Below are a few of the perennial favorites in our home.

‘Go, Dog Go’
By P.D. Eastman
(Random House Books for Young Readers)
A playful exploration of color, proportion and verb conjugation involving whimsical vignettes of dogs playing, working, driving and scrutinizing each other’s hats (“Do you like my hat?” “No, I do not like it!”), P.D. Eastman’s “Go, Dog Go” is an exercise in joyful simplicity, yet replete with enough subtle silliness to make repeated readings compelling.

‘One Fish Two Fish Red Fish Blue Fish’
By Dr. Seuss
(Random House Books for Young Readers)
Though there are many favorites from the storied Seuss canon in our household — from the “The Sneetches and Other Stories” (an early cautionary tale about intolerance) to “Oh, The Places You’ll Go” (essentially a colorful commencement speech) — “One Fish, Two Fish” remains the rock-solid standby. Seamlessly lending itself to animated readings aloud rife with silly voices and myriad opportunities for call and response, this classic assembles a bizarre bestiary of singularly Seussian creatures like the Zanz, the Gox, the Yink and the Gack, all tailored to prompting fits of gleeful giggles from the footie-pajamas set. As the master himself writes, from there to here, from here to there, funny things are everywhere.

 

‘In the Night Kitchen’
By Maurice Sendak
(HarperCollins)
Not quite as celebrated as the aforesaid “Where the Wild Things Are,” the late Maurice Sendak’s “In the Night Kitchen” tells the tale of one little boy’s exploration of a trippy nocturnal realm inhabited by a trio of bakers who inexplicably look like clones of Oliver Hardy. Sendak’s lovingly rendered depiction of the New York skyline reimagined as a pantry full of groceries (with a dash of full frontal nudity) never fails to elicit a response from my children.

‘The Runaway Bunny’
By Margaret Wise Brown
(HarperCollins)
Written by Margaret Wise Brown and illustrated by Clement Hurd, the same duo responsible for the timeless classic “Goodnight Moon,” 1942’s “Runaway Bunny” is a rumination on the futility of resisting unconditional love. In a moment of defiance, a young bunny declares his intention to run away. Over the next 48 pages, the mother bunny calmly thwarts each of her offspring’s elaborate escape schemes in an affectionate chess game until the little bunny finally abandons the plan.

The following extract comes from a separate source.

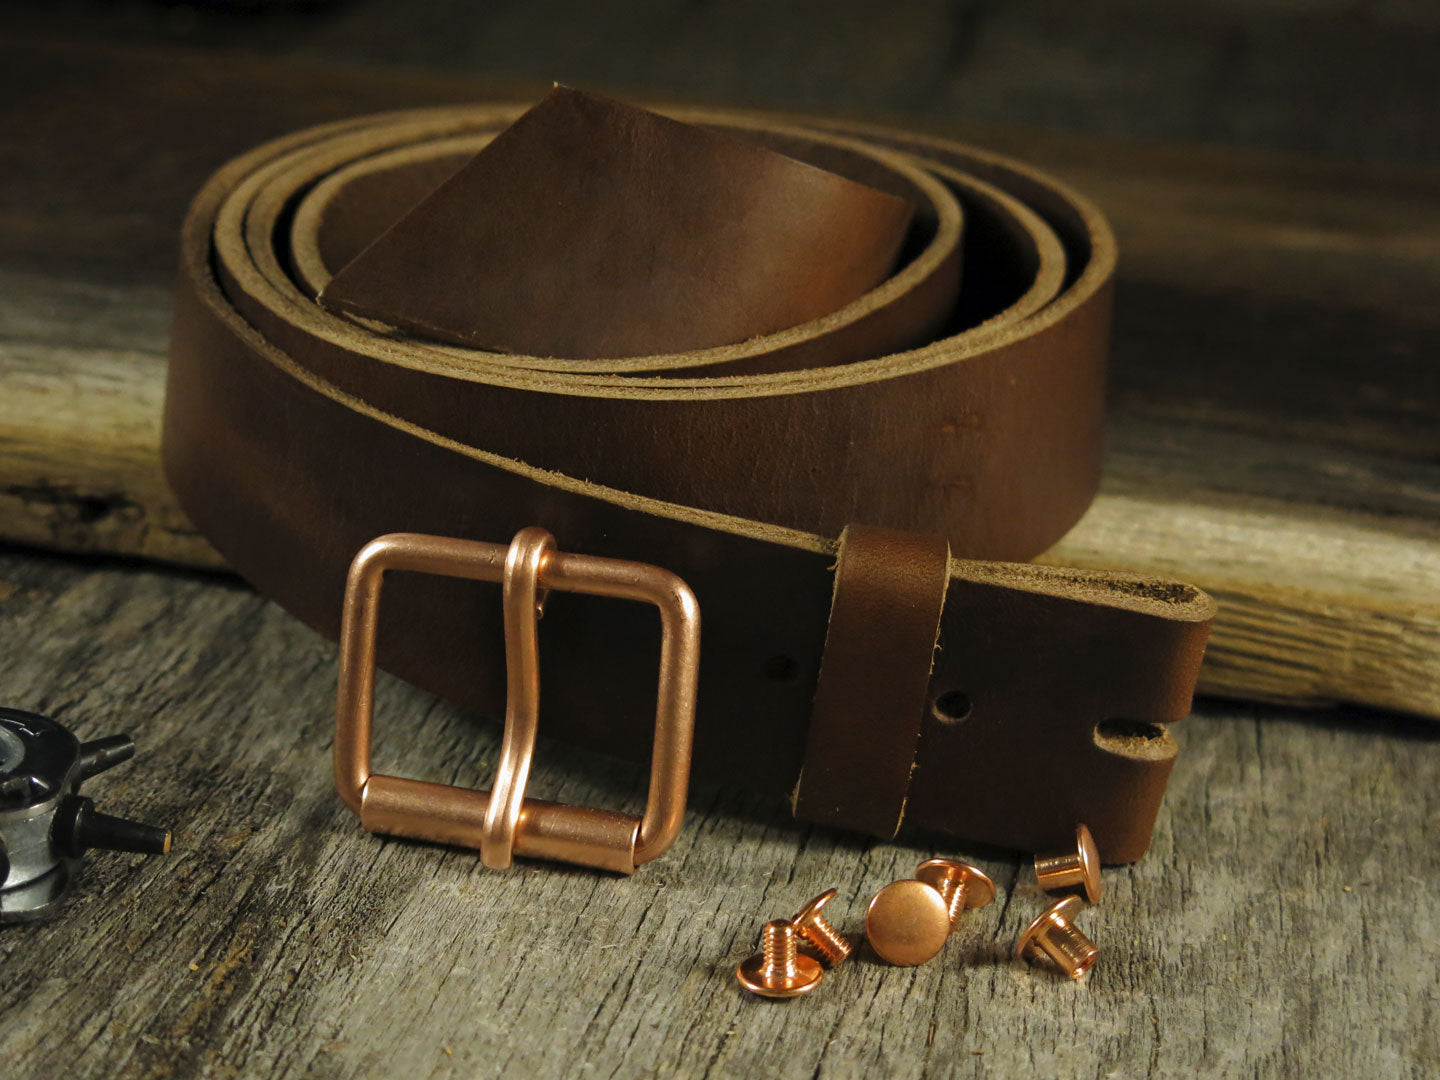 Copper Buckle - Roller Buckle - Copper Belt Buckle - Made in America - Solid Copper Buckles 1 3/8 / No Rotary Leather Punch

‘The Tale of Peter Rabbit’
By Beatrix Potter
(Pavilion Press)
What is it with young rabbits? Why are they repeatedly depicted as the juvenile delinquents of the animal kingdom? Regardless, Potter’s 1901 classic foreshadows Brown’s bunny in cotton-tailed disobedience with the sad story of young Peter, a heedless young forest creature who strays from his mother’s clearly stated directives by wreaking havoc in the vegetable garden of the fearsome Mr. McGregor. Punctuated by Potter’s distinctly British prose and lush illustrations of verdant gardens and placid woods, “The Tale of Peter Rabbit” is an enchanting read for parent and child alike.

‘The BFG’
By Roald Dahl
(Puffin)
As my kids have grown older, we’ve started to branch out into more sophisticated fare, like this selection from Roald Dahl. Slightly less Dadaist than the author’s more famous books like “James and The Giant Peach,” “The BFG” (an acronym for “Big Friendly Giant”) remains no less surreal, spinning the yarn of a little girl named Sophie who gets whisked away from a London orphanage by said giant to a land populated by his pointedly unfriendly brethren (vicious man-eaters with names like the Fleshlumpeater and the Childchewer). While disarmingly steeped in some frankly visceral imagery, Dahl’s storytelling narrowly skirts nightmare territory and keeps the proceedings charming.

Dads, what children’s books do you read to your kids?